Имея дело с жесткими волевыми натурами, противоположными моей собственной, я никогда не умела найти золотой середины между полной покорностью и решительным бунтом. Я оставалась покорной до последней секунды, чтобы тогда взбунтоваться порой с бурностью вулканического взрыва. Но ни обстоятельства, ни мое настроение в эти минуты не толкали меня к бунту, а потому я послушно выполнила все указания Сент-Джона и через десять минут уже шла по заросшей тропинке вдоль лощины.

Ветер дул с запада, неся с холмов душистость вереска и камышей, небо было безоблачно голубым, ручей, напоенный весенними дождями, катил по дну лощины прозрачные воды, отражающие золото солнца и сапфир небосвода. Потом мы сошли с тропинки и зашагали по мягкой изумрудно-зеленой траве, инкрустированной белыми и желтыми звездочками цветов. Теперь нас со всех сторон окружали холмы, так как лощина уводила в самое их сердце.

– Отдохнем здесь, – сказал Сент-Джон, когда мы достигли первых валунов и скал, которые словно каменные часовые охраняли подобие ущелья, по которому ручей устремлялся вниз пенистым каскадом, а чуть выше холм сбрасывал наряд из травы и цветов, оставался одетым лишь в вереск, украшенным только валунами, переходил от пустынности к дикости, уже не улыбаясь, а хмурясь на страже безлюдья и последнего приюта нерушимой тишины.

Я села, Сент-Джон остановился рядом со мной. Он посмотрел вверх на ущелье, потом на лощину внизу, его взгляд проследил путь ручья и вернулся, обратясь к небесам, дарившим краски этому ручью. Он снял шляпу, и ветер играл его волосами, целовал его лоб.
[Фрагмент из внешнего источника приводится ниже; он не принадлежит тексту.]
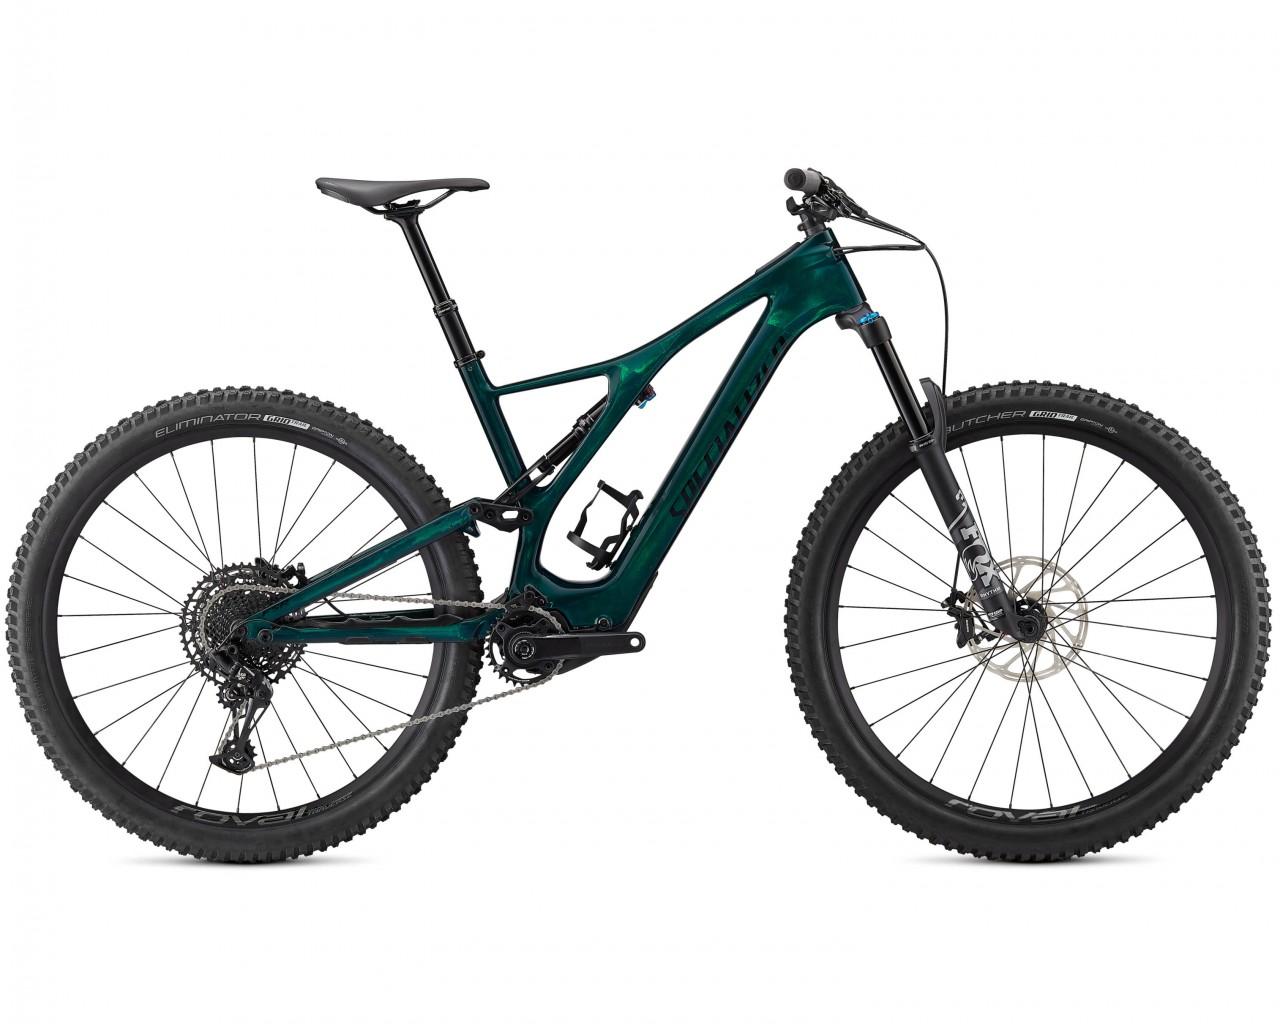 Specialized Levo SL Comp Carbon 29 - Pedelec Carbon Mountain Bike Fullsuspension 2021   green tint-black

Казалось, он безмолвно беседует с гением холмов, его глаза прощались с чем-то.

– Да, я снова увижу все это, – сказал он вслух, – в моих снах, когда буду спать возле вод Ганга, и еще раз в более отдаленный час, когда меня скует иной сон на берегу более темной реки.
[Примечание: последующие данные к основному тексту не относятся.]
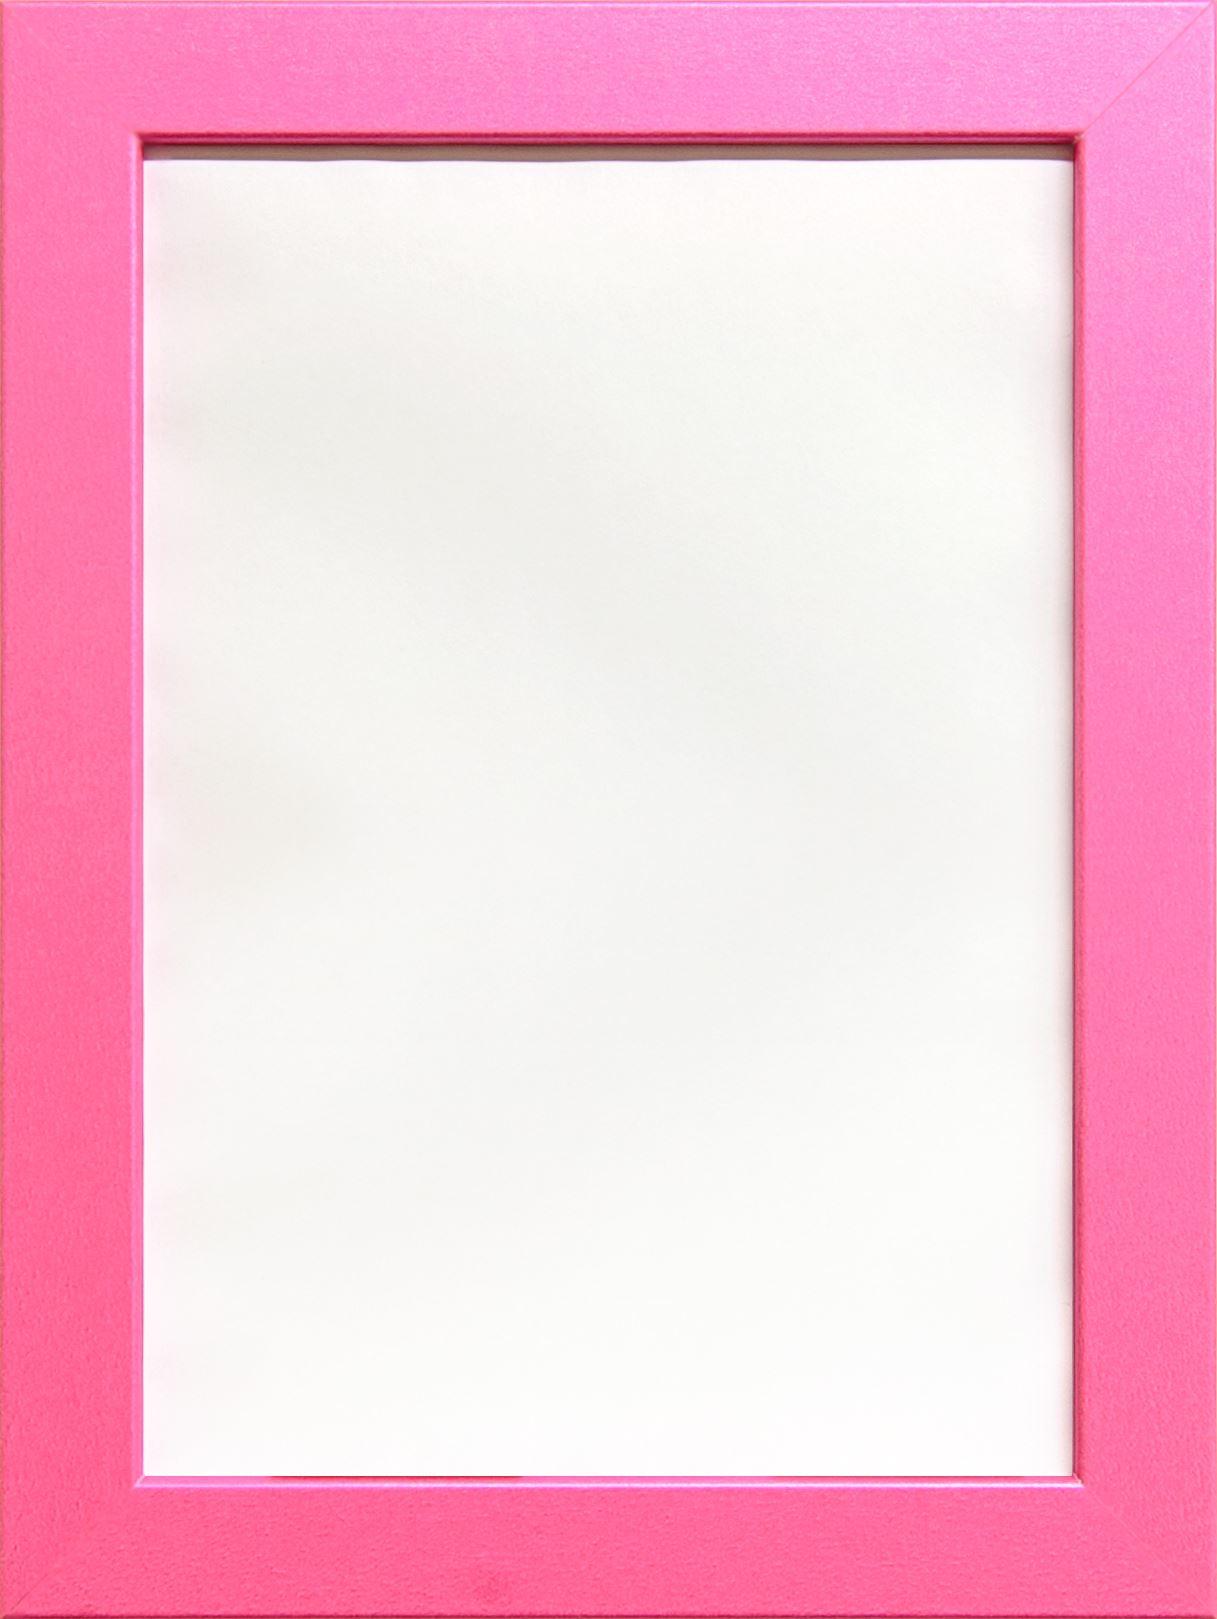 Poster Large Frame Sizes

Странное выражение странной любви! Аскетическая страсть патриота к отечеству!

Он сел, и полчаса мы молчали – ни он не заговаривал со мной, ни я с ним. Когда эти полчаса миновали, он продолжал:

– Джен, я уеду через полтора месяца. Я уже купил каюту на корабле, который отплывает в Индию двадцатого июня.

– Господь поможет тебе, – сказала я, – потому что ты будешь трудиться во имя Его.

– Да, – ответил он. – В этом моя слава и радость. Я слуга всеведущего Владыки. И отправляюсь в свой путь не по людскому велению, не подчиняясь несовершенным законам, ошибочным установлениям таких же смертных червей, как я сам. Мой царь, мой законодатель, мой вожатый – само Сущее Совершенство. Мне кажется странным, что все вокруг меня не жаждут стать под то же знамя, принять участие в том же подвиге.

– Не все обладают твоей силой, а для слабых было бы безумием выступить в поход рядом с могучими.

– Я не говорю о слабых и не думаю о них. Я обращаюсь только к тем, кто достоин таких трудов и способен к ним.

– Таких мало, и отыскать их нелегко.

– Верно. Однако, найдя их, необходимо пробудить от сна. Призывать и побуждать к свершению, показать им, каковы их дары и зачем они им даны, прокричать весть Небес им в уши, предложить от имени Бога место в рядах избранных Им.

– Если подобный труд им по силам, разве не их собственные сердца первыми возвестят это?

Мне казалось, что меня опутывают какие-то страшные чары, и я трепетала при мысли, что вот-вот прозвучит роковое слово, которое и откроет смысл этих чар и скрепит их навсегда.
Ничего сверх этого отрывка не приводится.